Charlie Brooker has doubts

I've made the point many times: the problem with many a Labor supporter is their assumption that those on the Right are either too evil, or too dumb, (or both), to see the obvious truth that only those on the Left have the moral and practical answers as to how to govern.

Charlie Brooker, whose silly scowling photo used by The Guardian has always made me laugh, illustrates this well in his column today. Warming to the idea that your personal view of politics is strongly affected by genetics, he writes:
This would explain a lot. For instance, I know in my bones that rightwing policies are wrong. Obviously wrong. They just are. It's Selfishism, pure and simple. Nasty stuff. Consequently I don't "get" Tories, never have and never will. We don't gel. There's something missing in their eyes and voices; they're the same yet different; bodysnatchers running on alien software. Yet that's precisely how I must seem to them: an inherently misguided and ultimately unknowable idiot. (I'm right and they're wrong, of course - but they can be forgiven for not working that out. They can't help it. They were blighted at birth.)
But even he is now having his doubts, in the sense that he is finding he can't stomach current Labor figures either. Poor boy, he may be starting a much feared middle age retreat towards the right.

I know he is trying to be a bit funny in the way he writes in this column, but I still think he is pretty much speaking the truth in the above extract.

Secret missions

Titanic search was cover for secret Cold War subs mission - Times Online

So, Robert Ballard was engaged by the US Navy to check out the wrecks of the nuclear submarines USS Thresher and USS Scorpion. He succeeded too:
Thresher, had imploded deep beneath the surface and had broken up into thousands of pieces and Scorpion was almost as completely destroyed. “It was as though it had been put through a shredding machine. There was a long debris trail.” Dr Ballard developed a robotic submarine craft in the early 1980s and approached the US Navy in 1982 for funding to search for the Titanic, which sank in 1912 with the loss of 1,500 lives after hitting an iceberg.

He was told that the military were not willing to spend a fortune on locating the liner, but they did want to know what had happened to their submarines.The military were anxious to know how the nuclear reactors had been affected by being submerged for so long.
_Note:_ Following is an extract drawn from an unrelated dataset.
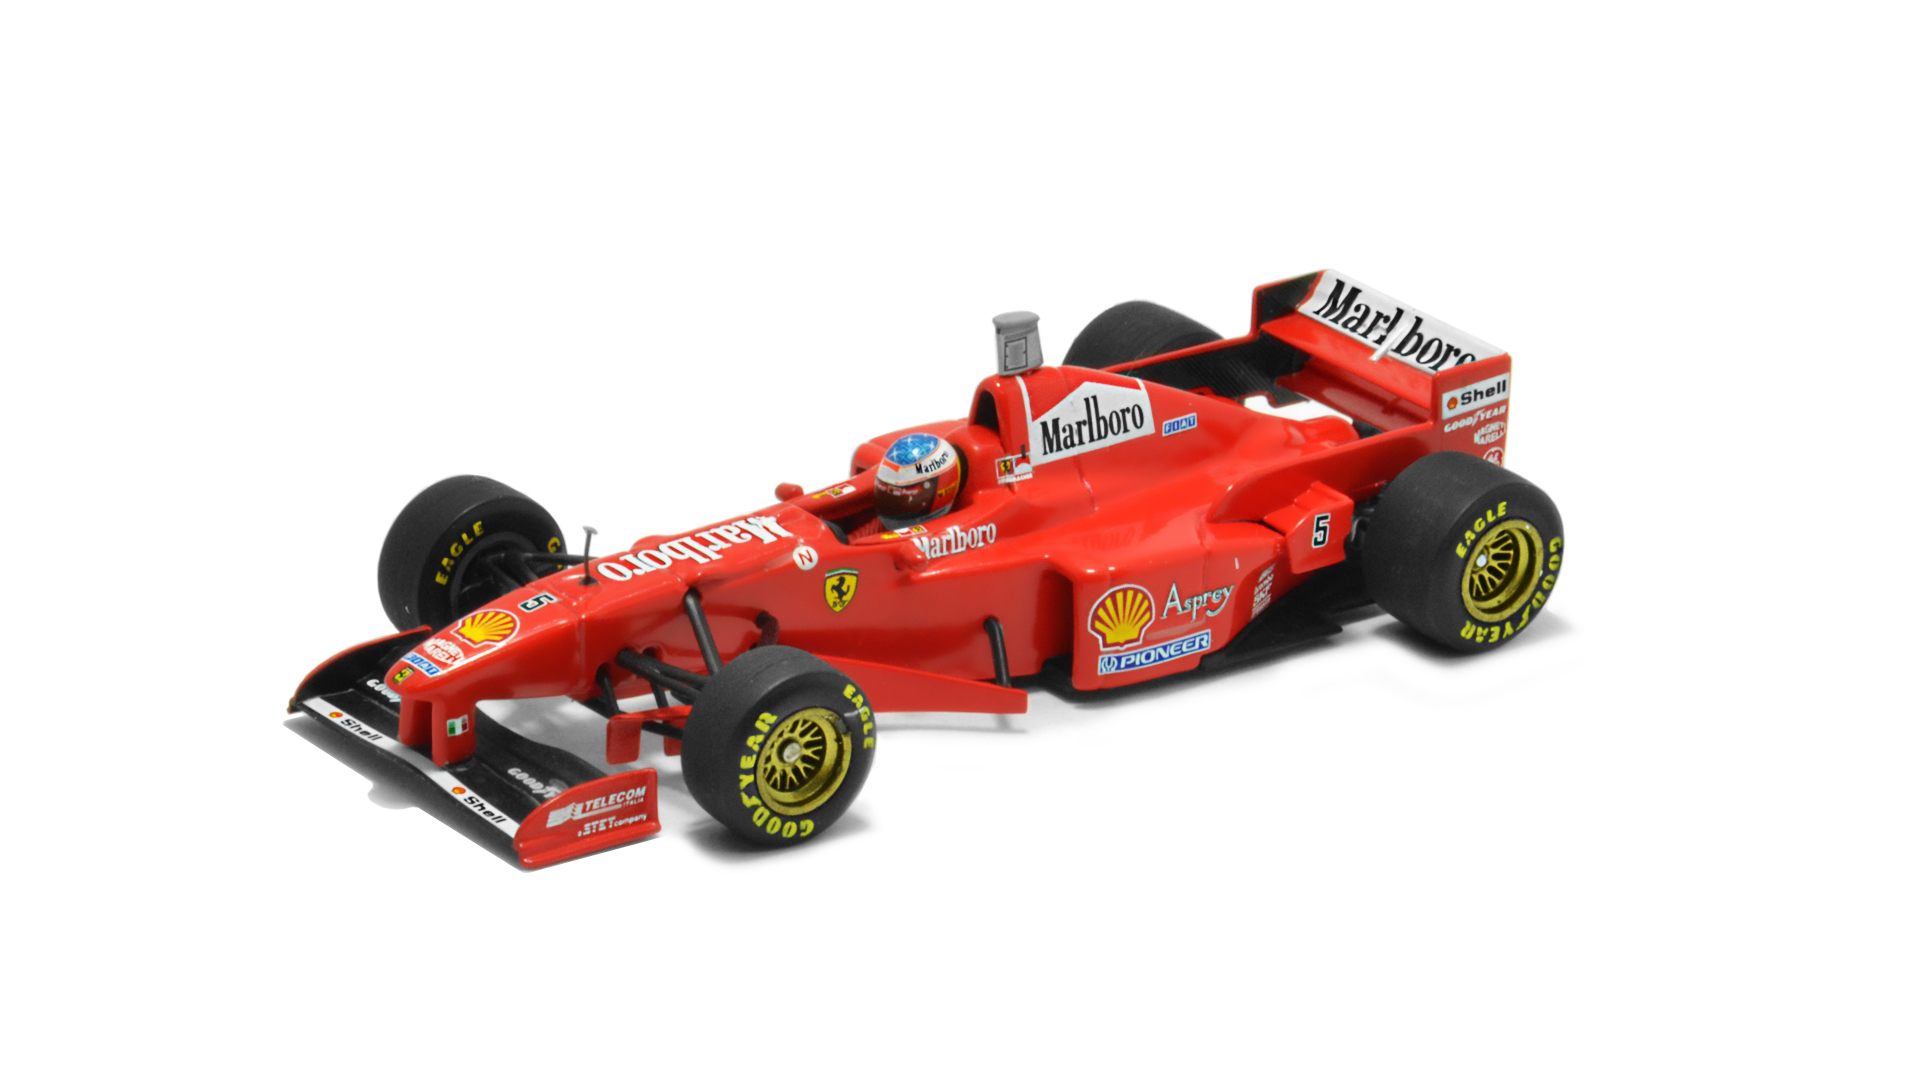 Év: 1997<br />Modell: F310B<br />Gyártó: Minichamps<br />Pilóta: Michael Schumacher

The story of Thresher is particularly nightmarish:

Thresher, the US Navy’s most advanced attack submarine at the time, sank with all her 129 crew in April 1963 while undergoing seaworthiness tests after dockyard repairs.
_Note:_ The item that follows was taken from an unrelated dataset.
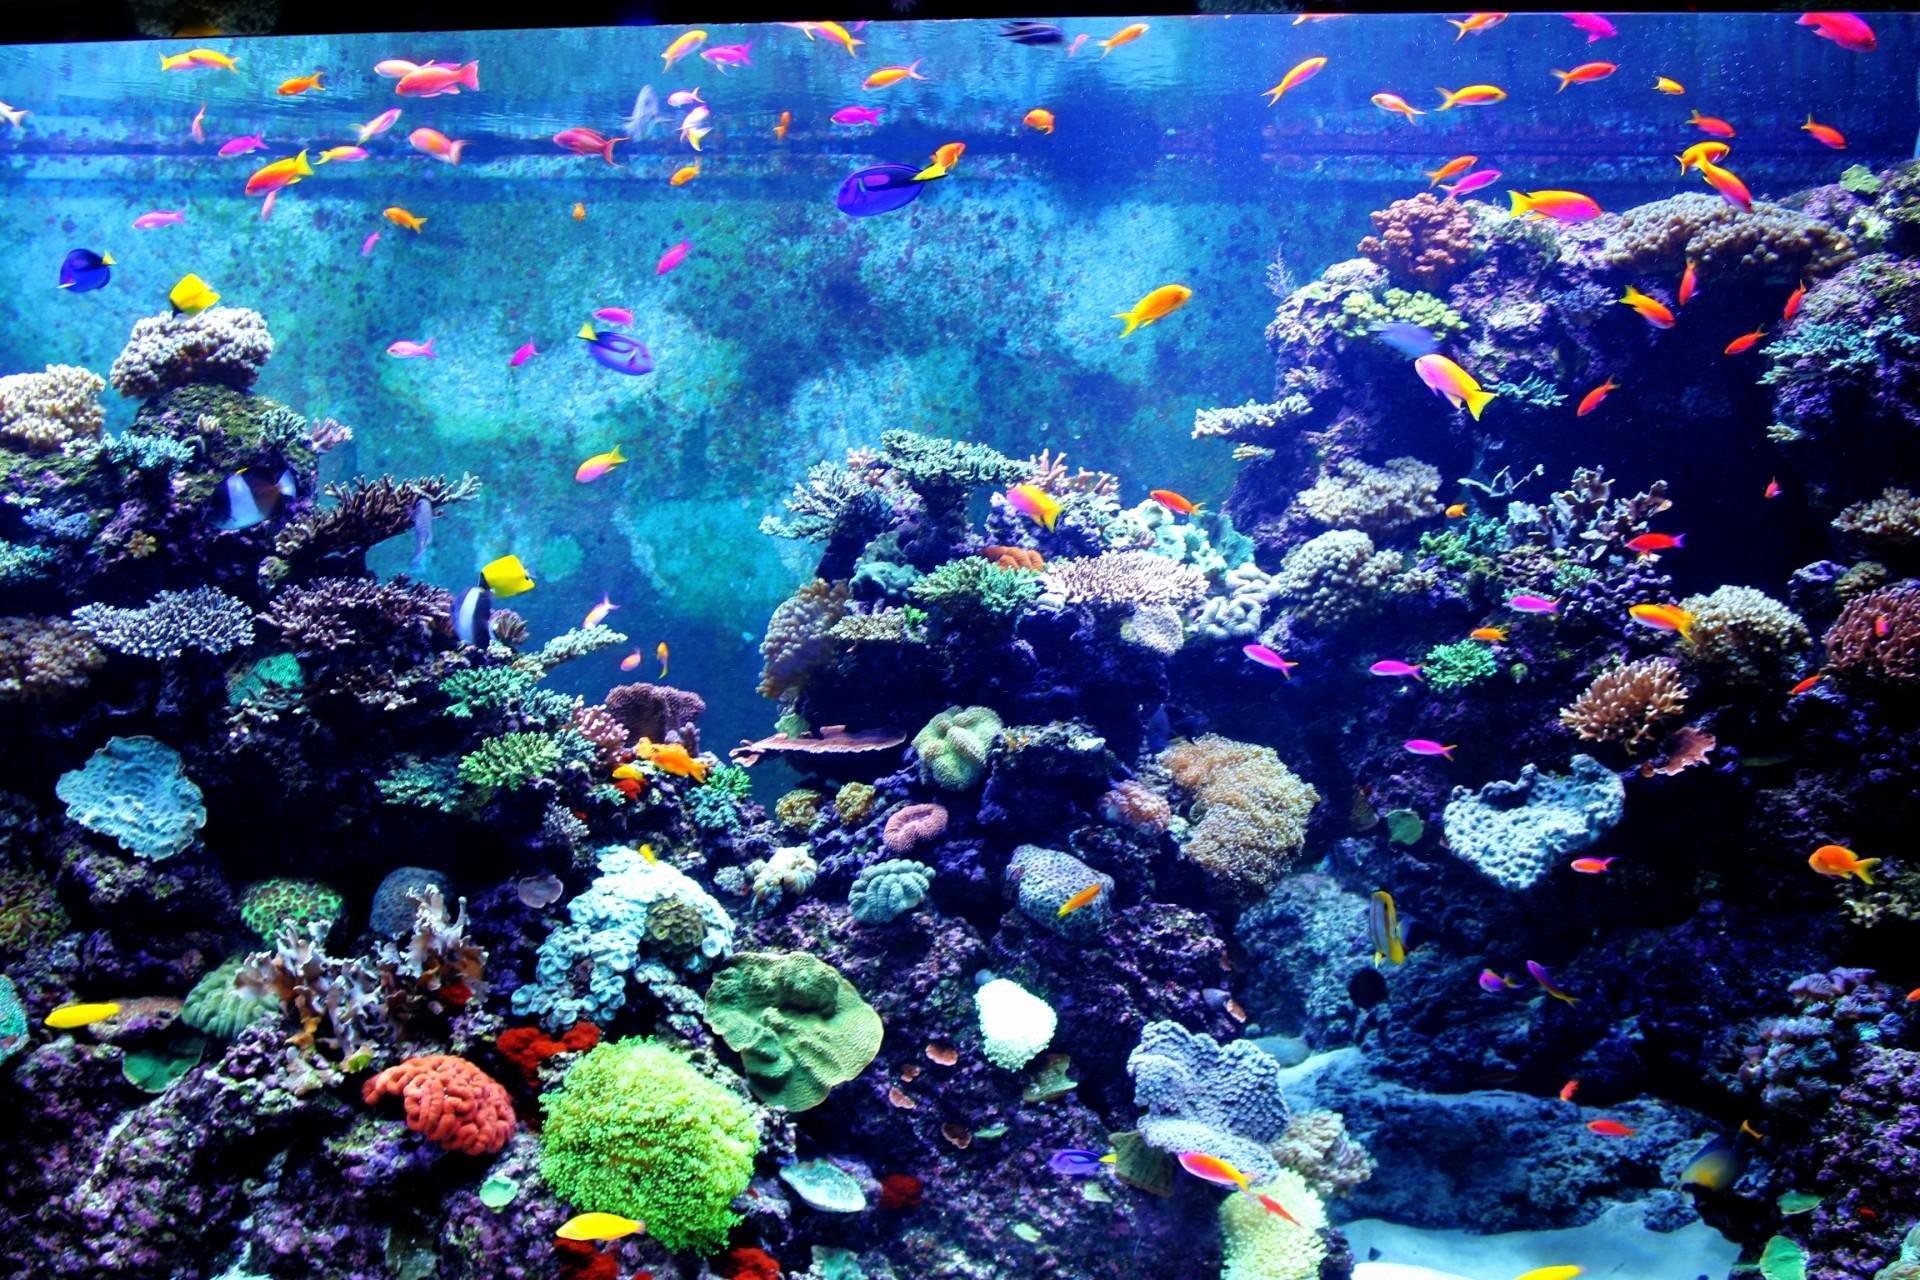 3d Fish Tank Wallpaper Luxury 3d Fish Tank Wallpaper 59 Images

A surface ship, Skylark, was in contact when the submarine’s crew reported that a high-pressure pipe supplying the nuclear reactor with cooling water had blown. The accident 1,000ft down, caused the vessel to lose power. It then sank so deep that the pressure hull imploded.

But, according to the Wikipedia entry, the wreckage was already examined in the 1960's after the accident, so it's not as if Ballard was the first to go there. In fact, this report seems to be based on publicity for a National Geographic special, so that may explain a degree of exaggeration here.

Still, an interesting story.

Frozen chips & the clown

Billionaire made fortune in frozen potatoes - Los Angeles Times

File this away in that small corner of your brain that you aren't using right now. The invention of the frozen chip and McDonalds hamburgers are closely connected.

For some reason, I find that interesting.